About 40 Karens prosecuted for forest encroachment

The criminal court has convicted 39 Pakayaw Karen villagers on charges related to illegal logging and forest encroachment and sentenced them to imprisonment and fines. This is believed to be the first large scale prosecution of so-called ‘encroachers’ under the junta’s heavy-handed approach to increase forest coverage.

On Wednesday morning, Mae Sariang Court in the northern province of Mae Hong Son convicted 24 Pakayaw Karen villagers charged with illegal deforestation to one to seven years imprisonment. Fifteen others who faced similar charges were fined 10,000-20,000 baht. Two of the 15 died before the verdict was read.

The 39 Pakayaw Karen residing in Tung Pa Ka District of Mae Hong Son Province were arrested by the military on 4 May. They were charged on 28 August by the Mae Sariang District Prosecutor with encroachment and logging in a protected area.

 

The authority detains Pakayaw Karen villagers accused of illegal logging and encroaching protected forest in Mae Sariang detention facility (courtesy of the Observer of the National Council for Peace and Order's Plan to Reclaim the Forest)

The 39 Pakayaw Karen residing in Tung Pa Ka District of Mae Hong Son Province were arrested by the military on 4 May. They were charged on 28 August by the Mae Sariang District Prosecutor with encroachment and logging in a protected area.

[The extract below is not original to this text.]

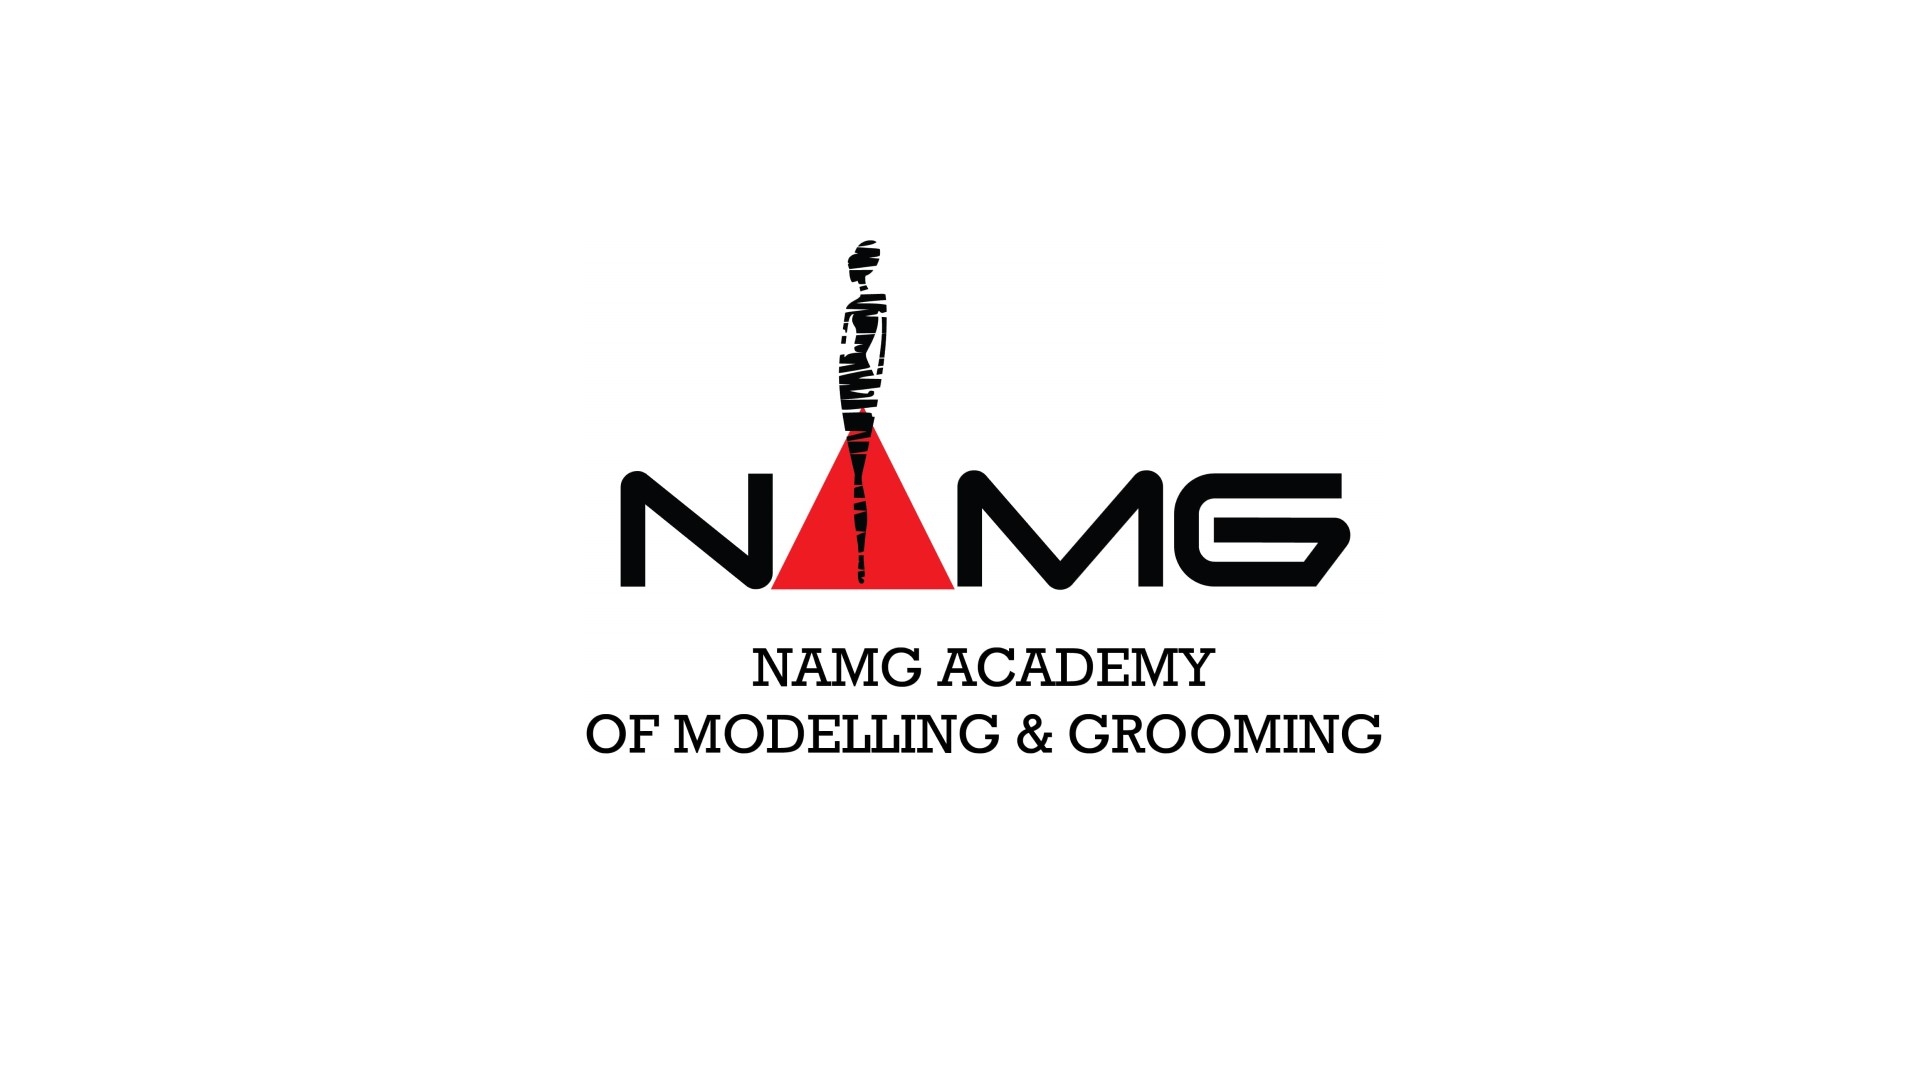 Dazzlerr - NAMG Academy of Modelling & Grooming 2

Military and Royal Forest Department officers confiscate planks of wood which, according to claims by villagers in Dong Yai Wildlife Sanctuary, Buriram Province in northeastern Thailand, were to be used to build their houses. The authorities, however, believe that the villagers cut the wood to sell

According to the Royal Forest Department, the Karen villagers were cutting timber in a protected area for commercial reasons. However, the Karen claimed that they only wanted to use it to renovate and build houses within the community.

Since the junta’s National Council for Peace and Order announced Order 64/2014 on 14 June to take legal measures against encroachers into protected forests, many ethnic minorities and other marginalised Thai people living in areas overlapping with National Parks have been affected.

Earlier on 24 July, three Pakayaw Karen families living in Mae Ngao National Park of Mae Hong Son were left destitute after three plots of the families’ farmlands were reclaimed by the Royal Forest Department.